[DB-SIG] DBAPI-2.0 clarifications
Federico Di Gregorio
fog@mixadlive.com
Fri, 16 Mar 2001 13:52:57 +0100
Hi *,
i am about to fix the lastest DBAPI-2.0 compliance quirks in
psycopg and to write a test suite but i need some clarifications on
some parts of the DBAPI. this will be a long post, sorry for that...
1/ cursors and transactions
if a db support transactions, how two cursors derived from the same
connection are supposed to see changes done to the db? if cursor A
does an insert, is cursor B supposed to see the change suddenly or
only after a commit() on the connection? imho, it would be better
if the api specifies that a commit() is required, even if for the
drivers that does not support transactions commit() is a no-op.
2/ nextset() and executemany()
the api is not very clear on what a "set" is. it just says that not
all db support "multiple result sets". imho, it is logical that a call
to executemany() (with a SELECT operation) produces multiple sets.
is this the right interpretation or multiple result sets are something
different? what should happen if a SELECT is passed to executemany()
and the driver does not support nextset()?
3/ constructor objects
are the constructor objects (Date, Time, Binary) expected to return
a valid *already quoted* string? and what method should return the
string, __repr__() or __str__()? i'll bet on __str__ but i am not
sure. a little example to better explain: if a generate the object
as t = module.Time('13:23:00') and then cursor.execute("SELECT * FROM
table WHERE time > %(time)s", {'time':t}) the string that gets
passed to the db is "SELECT * FROM table WHERE time > '13:23:00'",
right? (note the quotes...)
4/ closing connections
closing a connection does an implicit commit() on it? this is important
because, following the file object style, most drivers implicitly close()

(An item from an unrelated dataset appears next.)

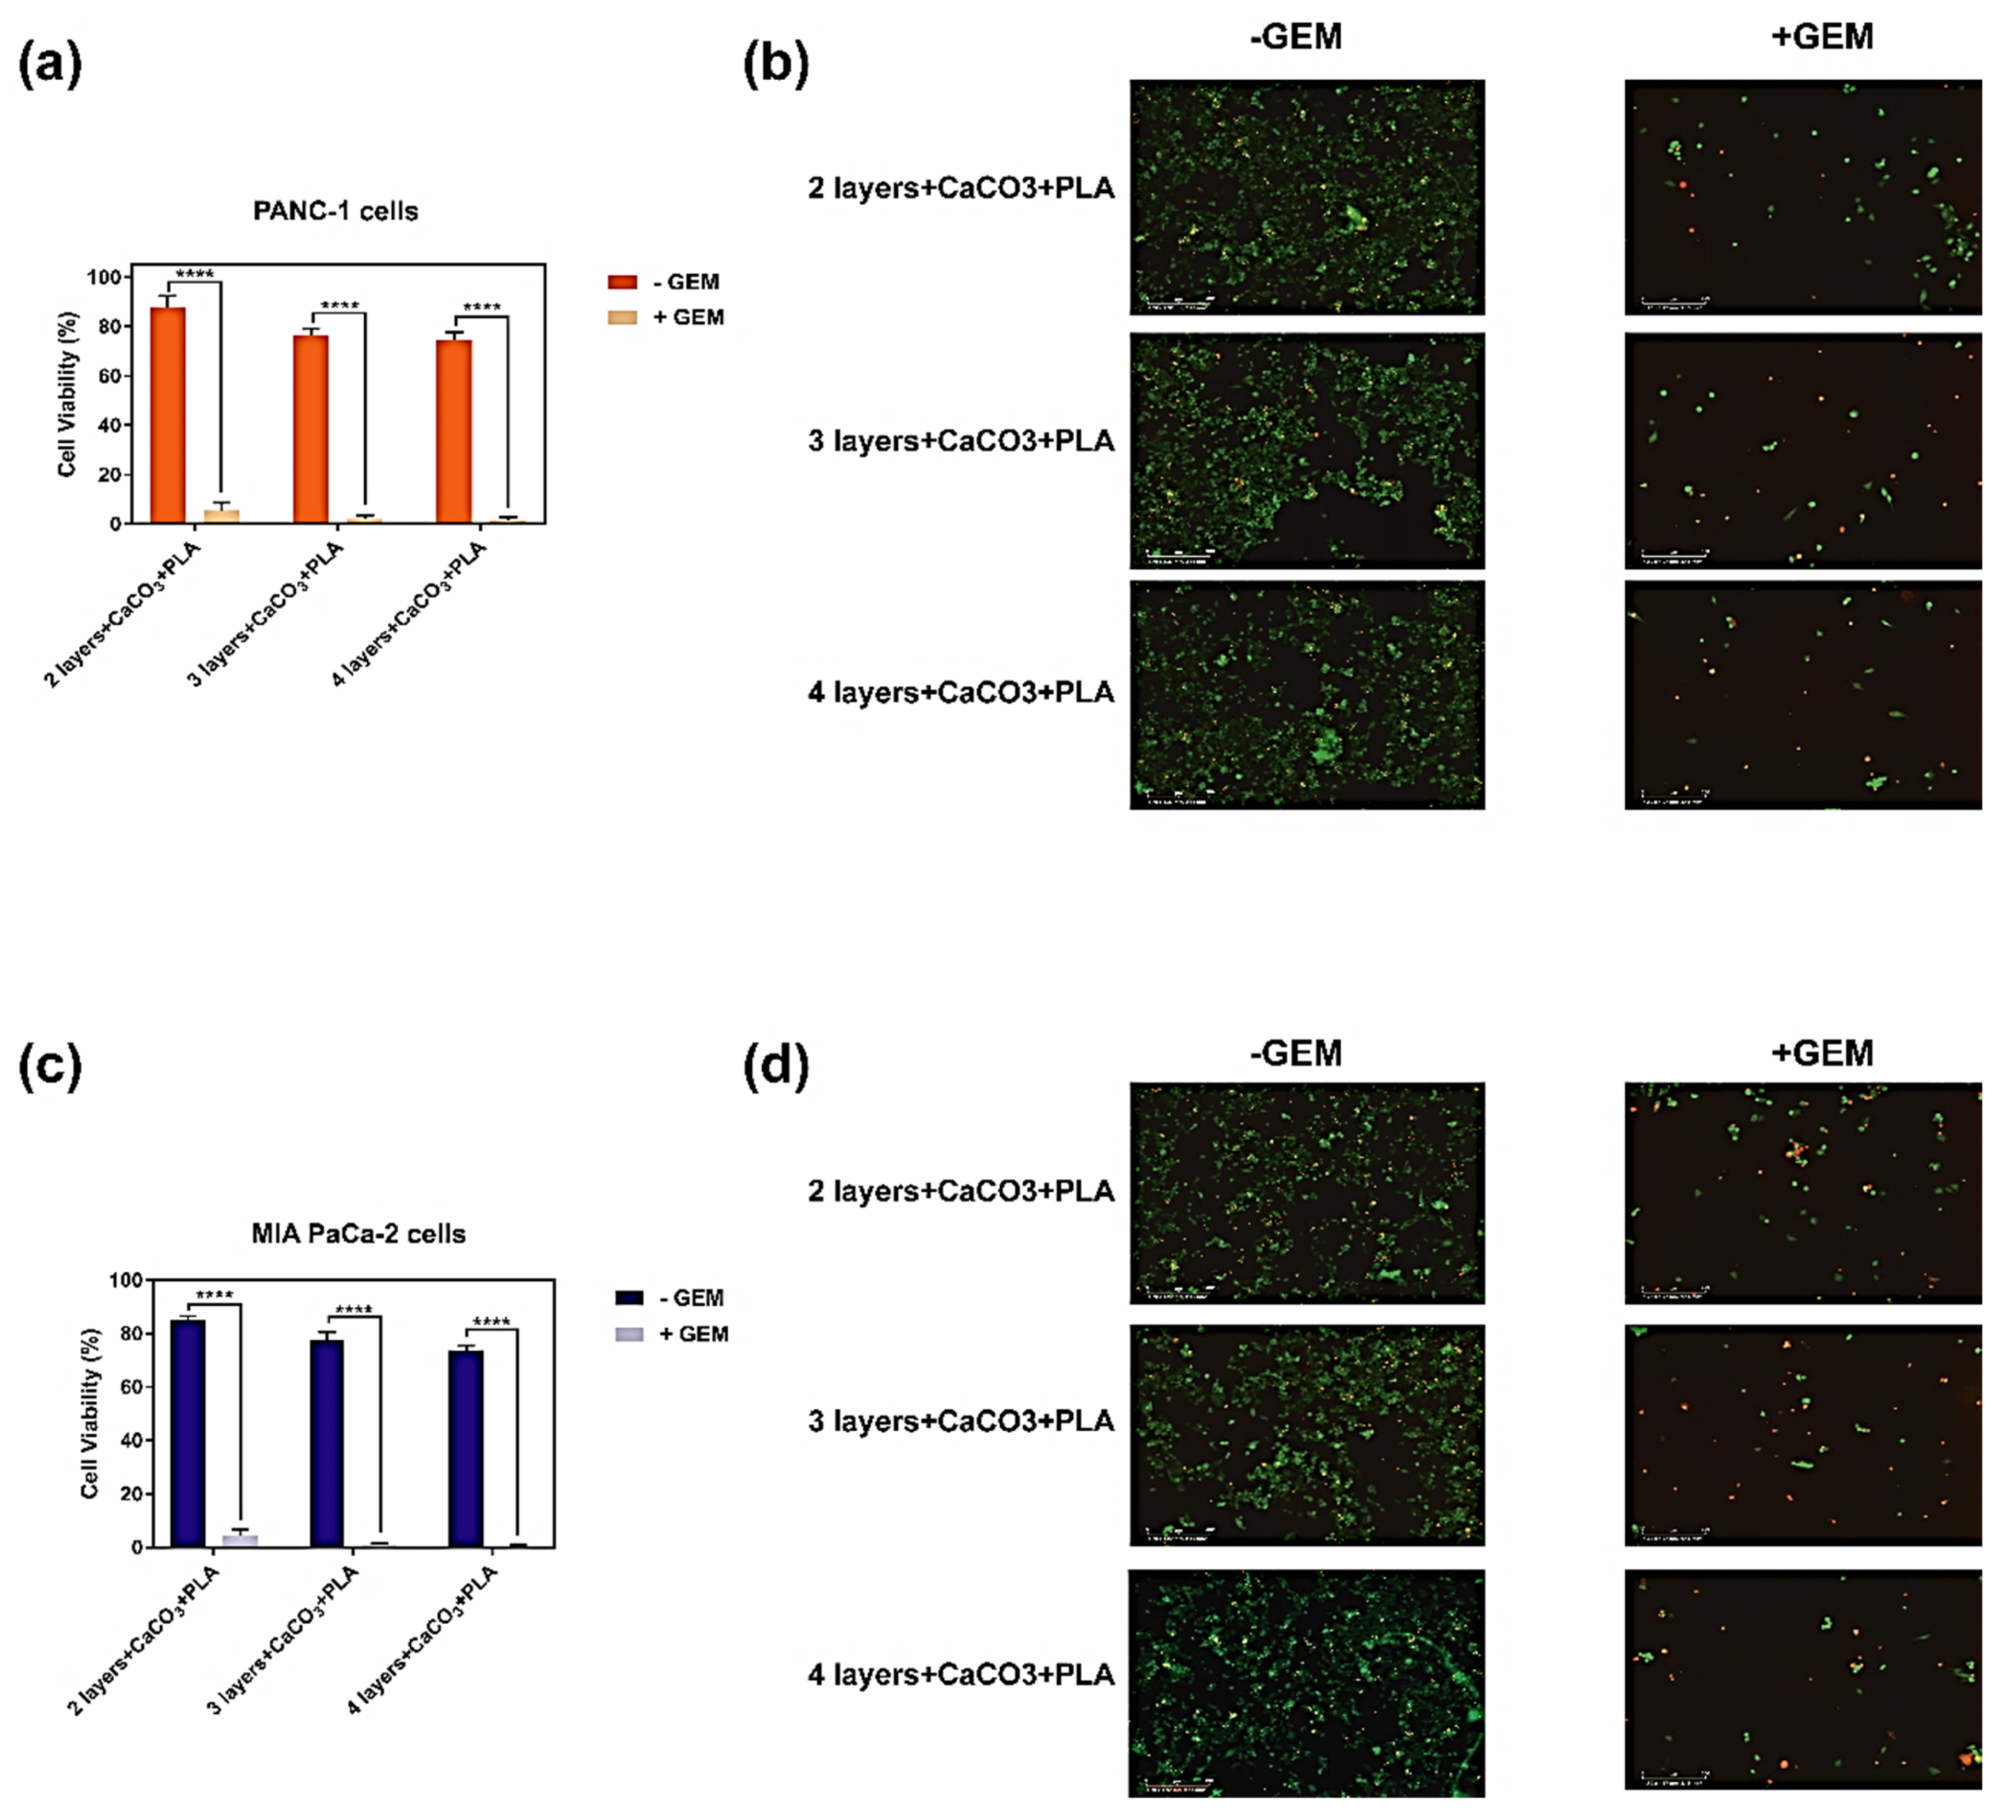 In vitro biocompatibility of PLA coated 3D printed coaxial patches containing CaCO3 either without Gemcitabine (- GEM), or loaded with Gemcitabine (+ GEM). (a) MTS cell viability assay of PANC-1 human pancreatic adenocarcinoma cells when treated with the patches for 72 h. (b) Corresponding live/dead cell staining of treated PANC-1 human pancreatic adenocarcinoma cells. (c) MTS cell viability assay of MIA-PaCa-2 human pancreatic adenocarcinoma cells when treated with the patches for 72 h. (d) Corresponding live/dead cell staining of treated MIA-PaCa-2 human pancreatic adenocarcinoma cells. Values are the mean (±SEM) of quadruplicate. **** p = 0.0001.

the connection when the object is collected by the gc and the user can
find the program commiting changes even if it did not tell it to.
5/ the description field
how are the precision and scale field to be interpreted? are the fields
mandatory? sometimes obtaining the information in the description is
plain slow (like the display_size, you have to scan every single row
in the result set) or requires accessing system tables. very few programs
use the most esoteric fields (most programs only use type_code and name.)
what about (i know that this will make people flame me) add a new method
to obtain a detailed description and put a shorter description in the
current .description field?
thank you very much for your time,
federico (expectiong comments)
--
Federico Di Gregorio
MIXAD LIVE Chief of Research & Technology fog@mixadlive.com
Debian GNU/Linux Developer & Italian Press Contact fog@debian.org
All programmers are optimists. -- Frederick P. Brooks, Jr.